Notably, there are two types of proposals in the literature involving head-movement
that occurs in the syntax without violating the Extension Condition.9
In some accounts (e.g., Harizanov & Gribanova, 2019; Matushansky, 2006; among oth­
ers), a head can undergo IM to a specifier position. Thus, a head essentially functions as
a specifier. The head moves to the root of the SO, so this movement is not counter-cyclic
and does not violate the Extension Condition. However, the result of movement is an {Y
X, {YP…X}} structure in which the X does not label, so X functions as a specifier.
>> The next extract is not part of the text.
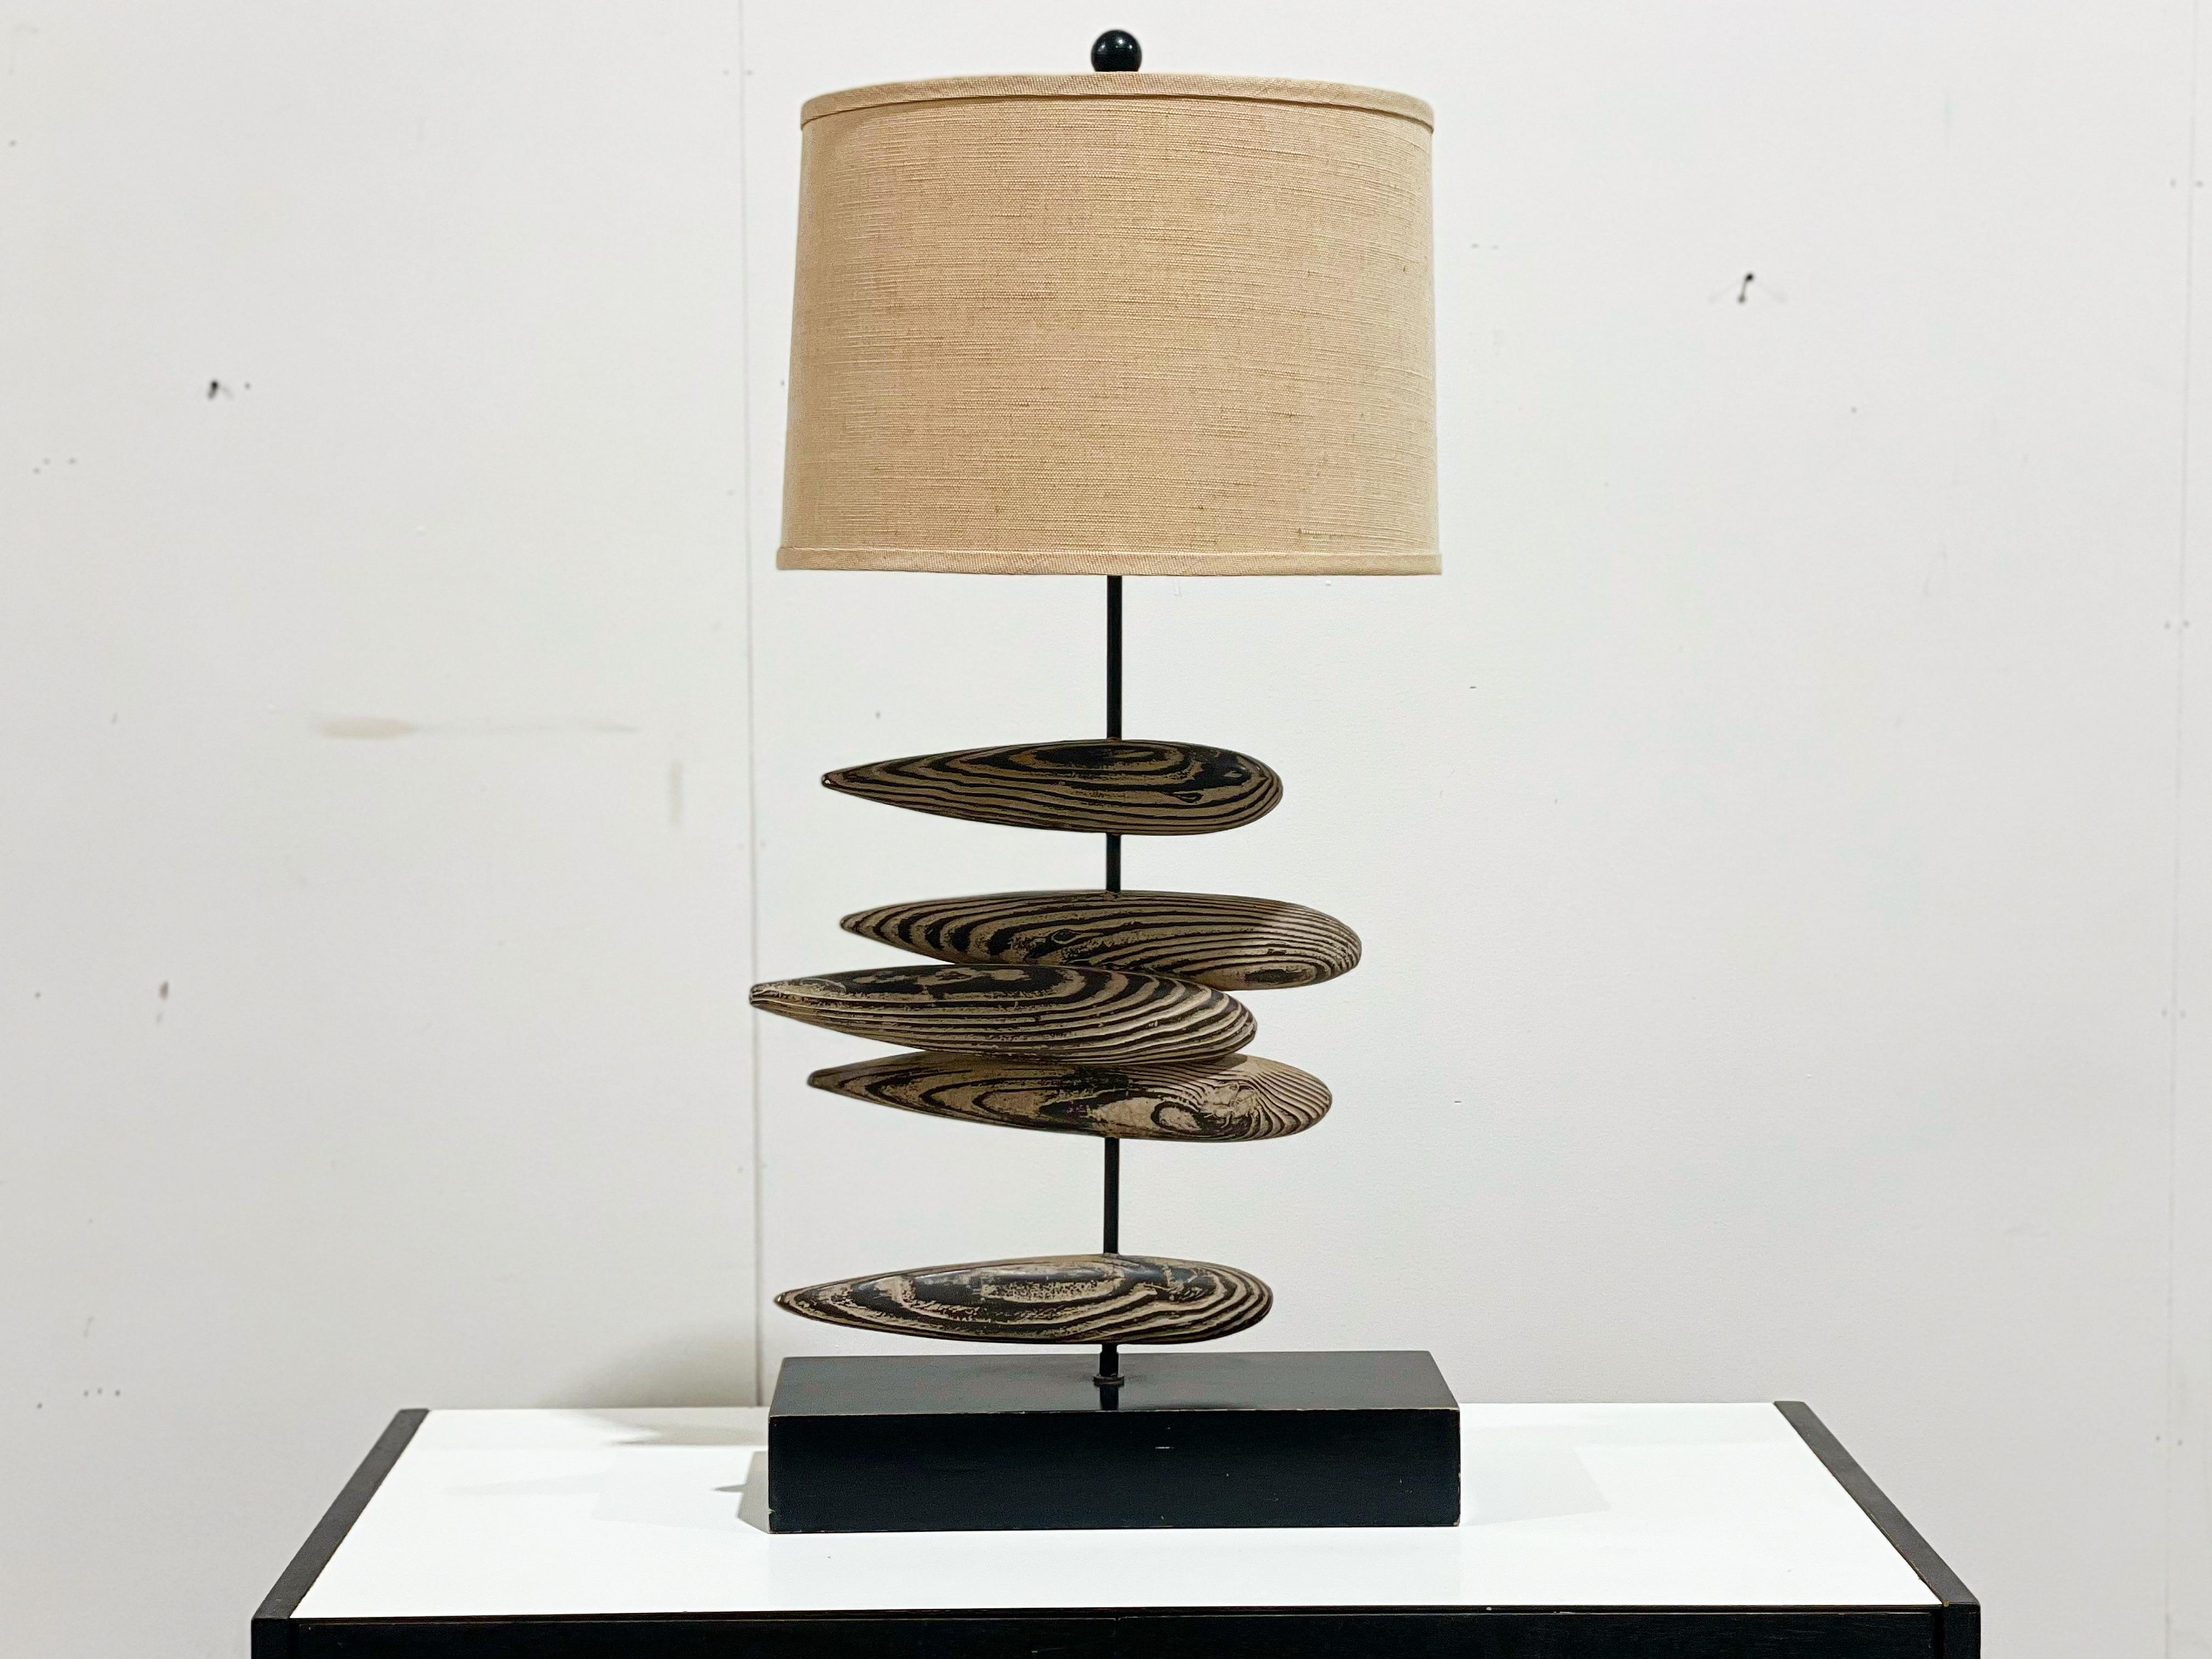 Midcentury modern sculpted faux driftwood abstract fish table lamp. Gorgeous form and superb craftsmanship. 
Overall excellent condition. Black lacquered wood block base. Wiring and components in good working order. Original shade in excellent

This is
problematic given the core notions of Labeling Theory, which assume that given an {X,
YP} structure, the head X labels.
Another approach is consistent with Labeling Theory. In this approach, a head under­
goes IM with the core SO, and then the head relabels. Thus, IM of X with YP, forms an
{X X, {YP…X}} structure in which X functions as the label. Presumably, X also functions
as a label in its base position, and thus, this is sometimes referred to as “relabeling” as
well as “reprojection”. For example, this type of head movement might be plausible in
relative clauses, if one assumes that a nominal head raises and relabels, and if relabeling
by a simplex head does not go against the core assumptions of Labeling Theory. This
type of relabeling approach can be found in Georgi and Müller (2010), Donati and
Cecchetto (2011), Cecchetto and Donati (2015), and Fong and Ginsburg (2023), among
others. Note that this type of head movement might be compatible with my computer
model, although it is not utilized for the derivations discussed in this paper (as it is not
necessary).10

9) See Harizanov and Gribanova (2019, p. 493) for a more extensive list of literature that discusses these two possible
types of head movement.
10) In my model, Free Merge is limited to arguments (see Section 4). Thus, the notion that a head is able to undergo
re-Merge, even in limited cases, might be problematic.

Biolinguistics
2024, Vol. 18, Article e14015
https://doi.org/10.5964/bioling.14015
Constraining Free Merge 16

Although the issues regarding head-movement are far from settled, I adopt a model
in which there is no counter-cyclic head movement in the narrow syntax. I take an affix
hopping approach (Chomsky, 1957) in which a set of Spell-Out rules are applied to the
output of the syntax.11 Crucially, if X (an affix) and Y are adjacent at PF, then it is possible
for Y to be linearized before X.
The basic rules that I implemented are given in (12) below. Note that only a small
set of rules is sufficient to account for the basic English constructions produced by
my model. The computer model generates a syntactic structure. If a derivation does
not crash, the nodes of the tree are sent to Spell-Out. Then the basic PF (Phonological
Form) rules apply when necessary. Examples of rule applications for particular Spell-Out
forms are shown in Table 2. Note that for these rules to apply, the PF component of the
derivation has to have access to some syntactic category information. Thus, if the model
finds T adjacent to v* which is adjacent to a root R, or an auxiliary, then T attaches
onto the root or auxiliary, and v* is eliminated from PF, since it has no pronunciation. As
shown in Table 2, for Tom saw Fred, the adjacent SOs T(Past,3rd,sg) v* see are converted
into T(Past,3rd,sg)+see which is pronounced as saw, where T ends up suffixing onto the
adjacent see; with a regular verb, past tense is generally pronounced as -ed. The verbal
head v* is not pronounced. For Will Tom read a book, the interrogative C and T combine
to form CQ+T(Pres,3rd,sg). Note that this requires T to attach onto CQ by moving over
the subject at Spell-Out. Furthermore, the auxiliary will must move over the subject
and combine with T to form T(Pres,3rd,sg)+will, which ends up being pronounced as
will. In cases in which T combines with C, but there is no overt element in T, then
the appropriate form of do (depending on Tense and agreement) is pronounced. The
appropriate forms of do as well as irregular verb forms are listed in a lexicon, which the
model consults.12

(12) Basic PF (Phonological Form) Rules (R = Root, Aux = Auxiliary):


Tense: T v* R/Aux→ R/Aux+T
Modal: T Modal→ T+Modal
Passive: be -en v R → be R+-en
Progressive: be -ing v* R → be R+-ing
Perfective: have -en v* R→ have R+-en
Interrogatives: CQ N T → CQ+T N
Irregular verb forms are stored in lexicon.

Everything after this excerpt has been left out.